Absa has been on a path to regain the ground it lost under Barclays' rule, particularly in the home loan market where it was once a clear leader.
Photo: Reuters

Absa has seen strong credit growth in the 10 months ended 31 October 2021, and now expects headline earnings in its biggest business - the Retail and Business Banking division - to more than double from the previous year.

Absa Corporate and Investment Bank's earnings have also increased "considerably", the bank said. 

Its share price jumped by more than 5% to R147.07 in early trading on Friday, following the trading update. 
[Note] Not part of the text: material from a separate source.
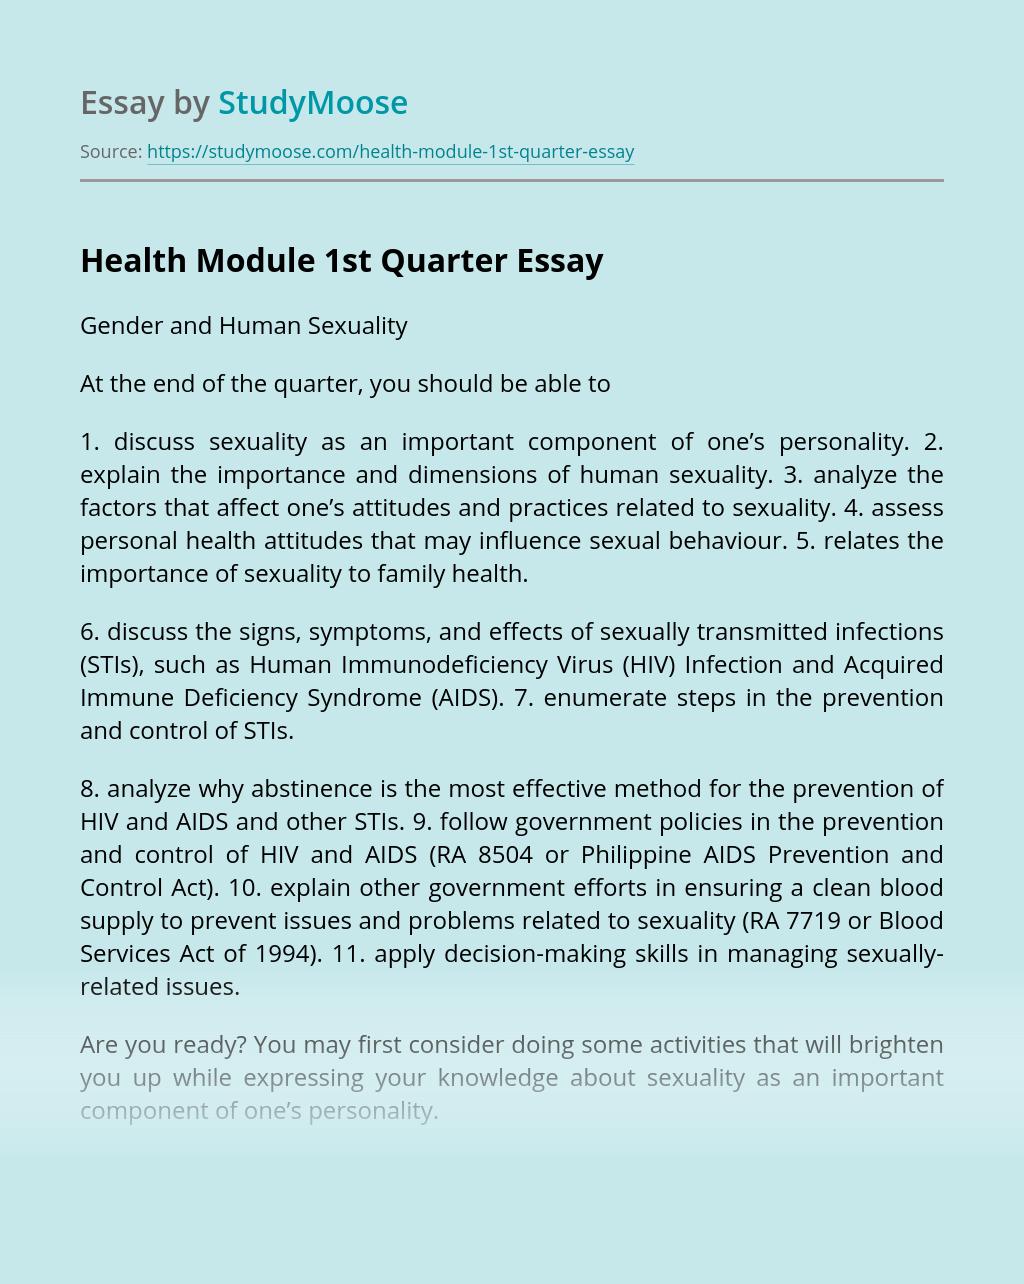 Health Module 1st Quarter

Gross customer loans rose by mid-single digits year-on-year, with stronger growth coming from home loans and vehicle and asset finance. The bank is increasing its lending market share, particularly in asset-backed lending. It reported lower growth in personal loans. 

Absa and Standard Bank stood out in 2020 by writing more loans, at a time when their peers were tightening their lending taps. 

Absa has been on a path to regain the ground it lost in recent years, during the time when Barclays held a majority stake in the bank. Once a clear market leader in the home loan market, it slipped down the ranks. 

Although it seemed like a risky move to grow lending market share in the middle of a pandemic when people were losing their jobs and could potentially default on their debt, Absa is reporting that the percentage of Stage 3 loans – those that have missed at least three payments – improved slightly from the first half.

Absa did say in March that the growth of its lending book was "very targeted" and that the bank didn't increase its risk profile to price these loans aggressively to gain the market share it did.

Absa said its credit impairments in the 10 months to end-October improved materially year-on-year from the R20.6 billion it reported in 2020, when its impairment charge shot up 163%.

Absa's credit loss ratio is now in the middle of its target range of 75 to 100 basis points.

Outside of the lending business, Absa said customer deposit growth remained robust, increasing by low double digits.

The bank's total revenue for the 10 months grew by mid-single digits year-on-year. Its net interest income rose by high single digits, and although its non-interest income was flat year-on-year, this has improved since the first half of the year.